Castilian school; XVI century.
"The presentation of Jesus in the temple".
Oil on panel.
Presents repainting, missing in the frame, restorations and fracture in the board.
Measurements: 95 x 55 cm; 113 x 75 cm (frame).
In this canvas the author narrates the presentation of Jesus in the Temple of Jerusalem, an iconographic theme very repeated throughout the history of art, within the cycle of the life of Jesus. Luke the Evangelist (Luke 2:22-40) narrates the episode, in which Mary and Joseph brought the Child to the temple and, according to custom, offered two turtledoves as a sacrifice. According to the Jewish law of the time, every first-born child was to be consecrated to the Lord, in remembrance of the slaughter of the innocents. In the temple was Simeon, an old man who was reputed to be a righteous man. When he saw the Child, he was convinced that he was acting under the impulse of the Spirit, and he took him in his arms and blessed him, saying the "Nunc dimitis" or Canticle of Simeon. This wise old man was a devout Jew to whom the Holy Spirit had promised that he would not die until he had seen the Savior. The scene is completed by the prophetess Anna, who lived in the temple. Witnessing this event, she began to speak of the Child to all who awaited the redemption of Jerusalem. The oldest preserved plastic version of this episode is found in the mosaic of the triumphal arch of the church of Santa Maria Maggiore in Rome, from the 5th century, where the four protagonists are already depicted. Usually the scene is represented with Mary offering the Child to Simeon, as we see here. In other versions Simeon holds the Child, while Mary makes the offering of the doves. Almost always appears, to one side or in a corner, the prophetess Anna, and sometimes also St. Joseph. On this occasion the attention falls on the figures located in the center of the composition.
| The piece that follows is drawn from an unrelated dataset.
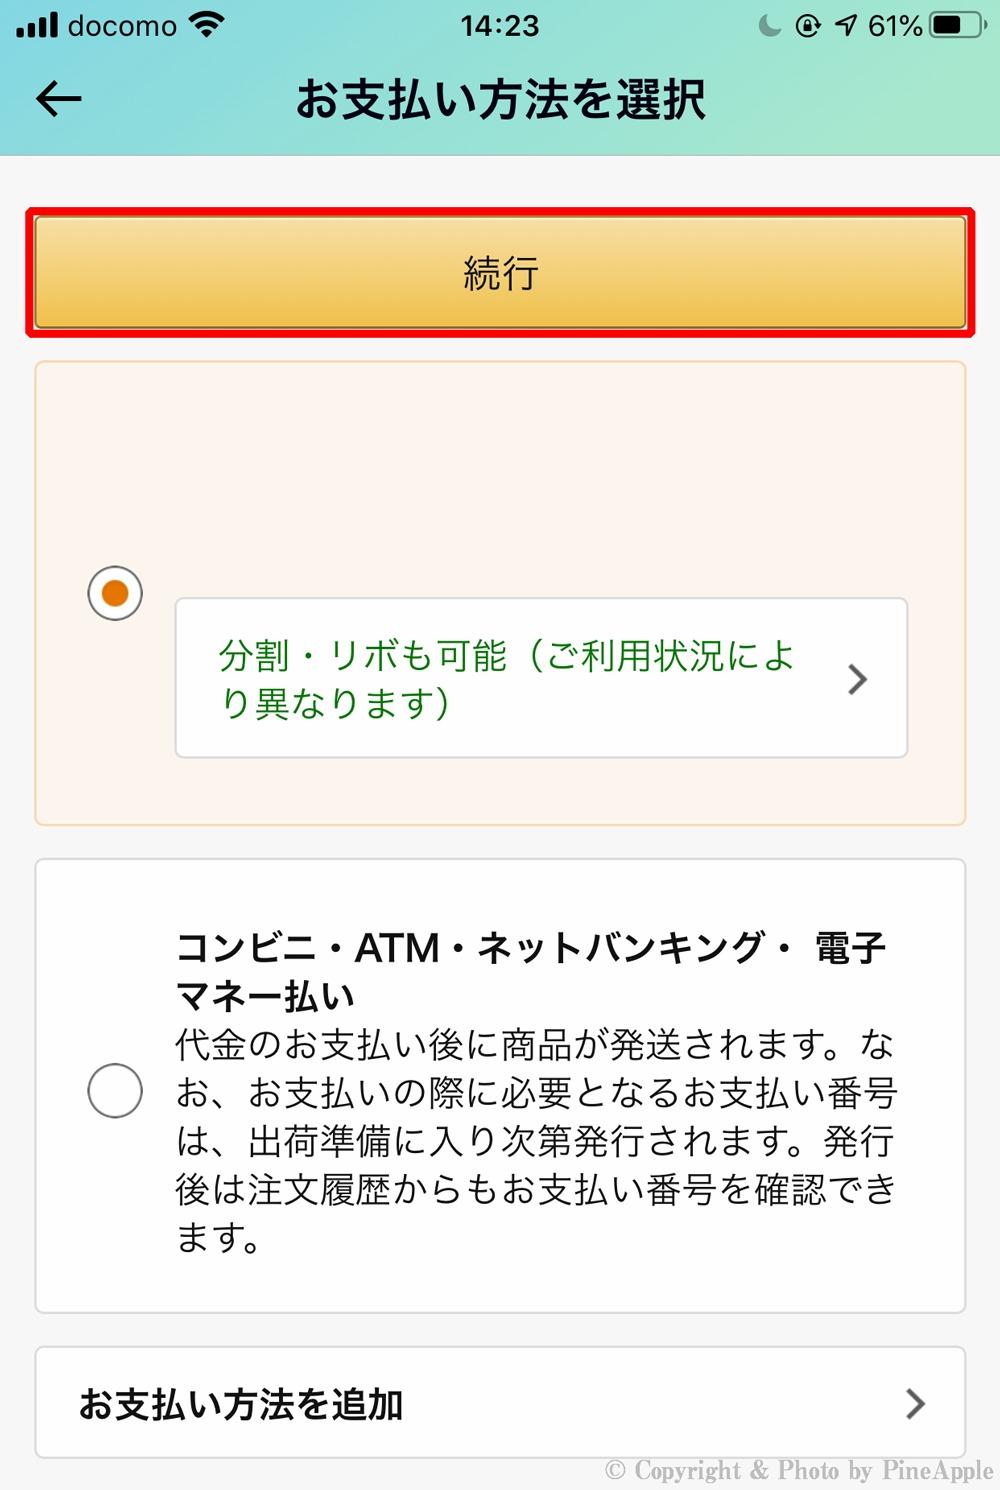 Amazon ショッピングアプリ:「お支払い方法を選択」画面から支払い方法を選択し、「続行」をタップ

Spain is, at the beginning of the 16th century, the European nation best prepared to receive the new humanist concepts of life and art due to its spiritual, political and economic conditions, although from the point of view of the plastic forms, its adaptation of those implanted by Italy was slower due to the need to learn the new techniques and to change the taste of the clientele. The painting reflects this desire to return to the classical Greco-Roman world that exalts the individuality of man in his nudes, creating a new style whose vitality surpasses mere copying. Soon the anatomy, the movement of the figures, the compositions with a sense of perspective and balance, the naturalistic play of the folds, the classical attitudes of the figures began to be valued; but the strong Gothic tradition maintains the expressiveness as a vehicle of the deep spiritualistic sense that informs our best Renaissance sculptures. This strong and healthy tradition favors the continuity of religious painting that accepts the formal beauty offered by Italian Renaissance art with a sense of balance. In the first years of the century, Italian works arrived in our lands and some of our artists went to Italy, where they learned first hand the new norms in the most progressive centers of Italian art, whether in Florence or Rome, and even in Naples.